He slept frequently for lack of anything else to do, woke for a few minutes, checked over his gauges, and dozed off again. And in one of these periods he dreamed.

He dreamed that a hollow, insistent voice, just like that of The Fang on Eric’s recordings, was calling him insistently. “Arnik! Arnik! Arnik!” He was conscious of his own effort to rouse himself, and found he could not. “Arnik!” said the voice. “Answer! What are you doing? What was the meaning of those bombs dropped in the path of Pallas?”

And he dreamed that he was bound down by gentle but irresistible forces, so that he could only cry out against them; but the only cry he could make was the truth. “We are bombing the mines.”

“Why?” The voice was a glittering steel probe, picking away at his brain.

“To create fear of The Fang. To make The Fang’s commands law.”

Question by remorseless question he was forced to tell the whole story. And then, suddenly, he found himself free to awaken. He sat bolt upright, streaming sweat, sputtering profanity, and carrying the most terrific headache in the memory of man.

“I’m gettin’ the crawlin’ willies,” he muttered, and then realized that the detector alarm signal was shrilling.
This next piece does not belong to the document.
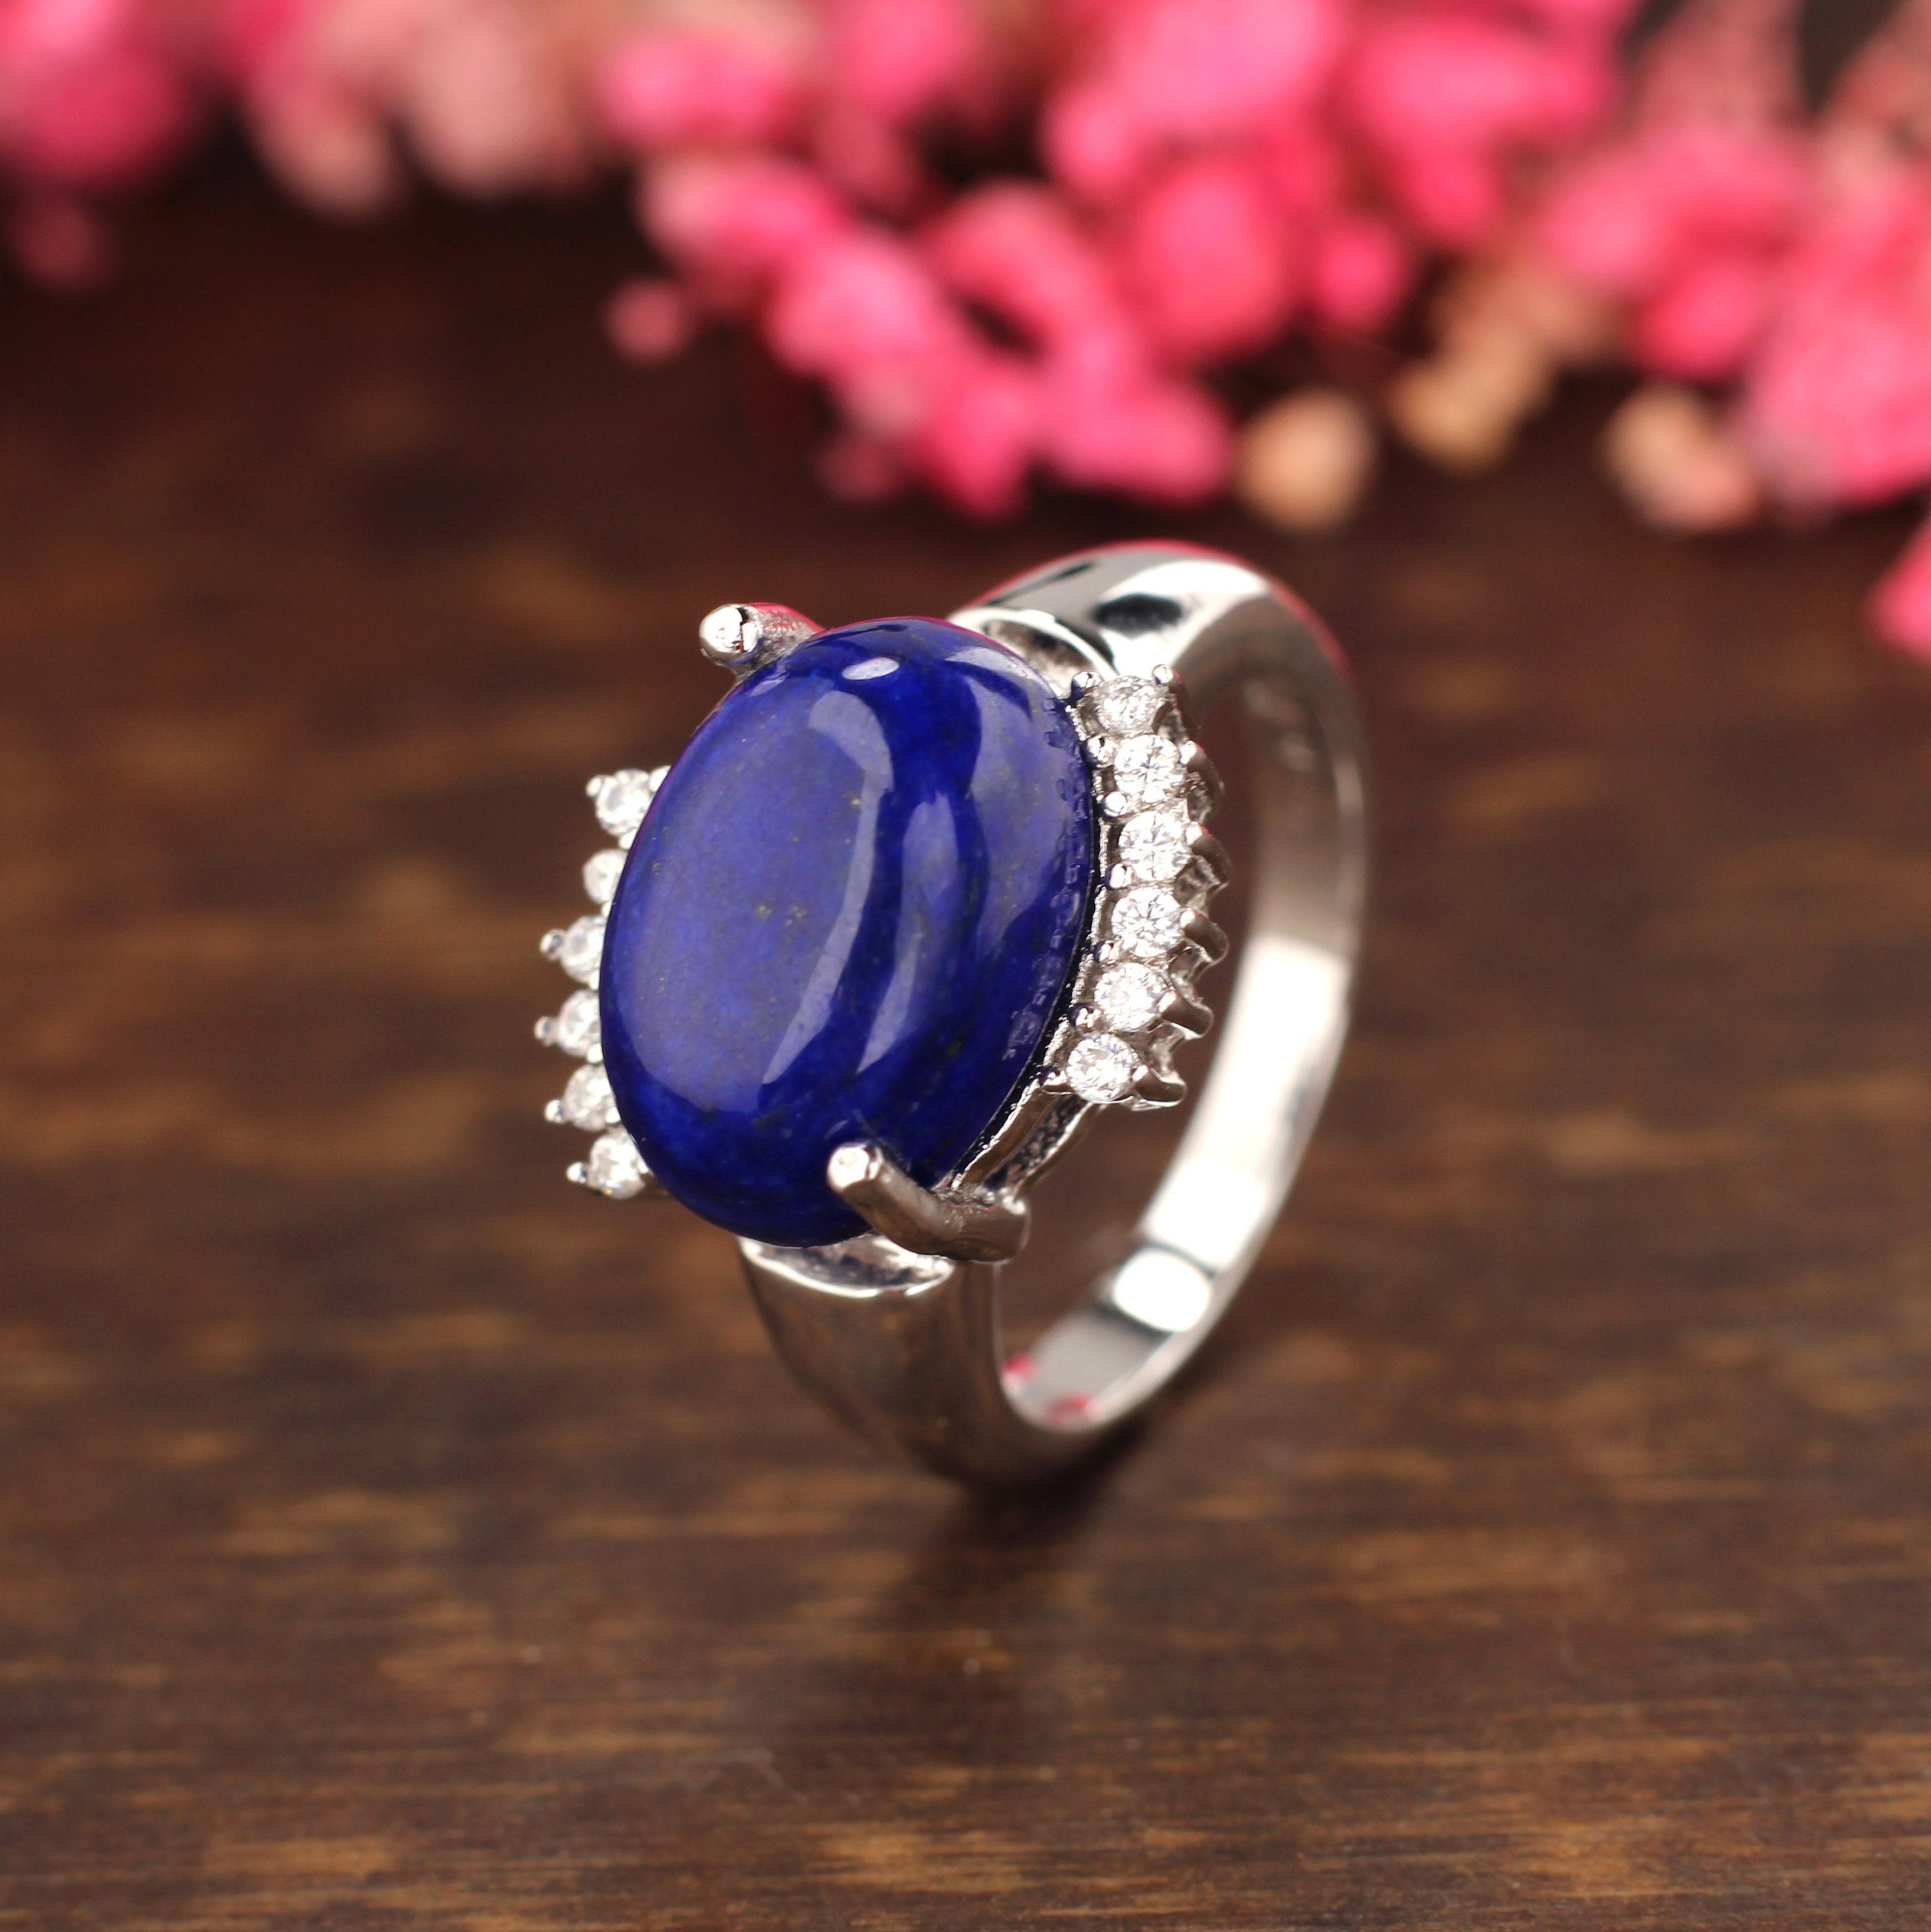 Can I wear a lapis legule stone in a gold ring? - Quora

He glanced at the dial. It had been ringing for two hours and twenty-seven minutes. He shook his head, nearly shrieked at the pain, and snapped the switch. The signal cut itself off. From another dial he read the bearing and distance. He swiveled about, unlimbered a short-range visiscope, and turned it on. Sharp and clear, the image of the offending vessel showed up on the screen.

Only it wasn’t a vessel. It was an automobile—an iridescent blue Carrington ’78.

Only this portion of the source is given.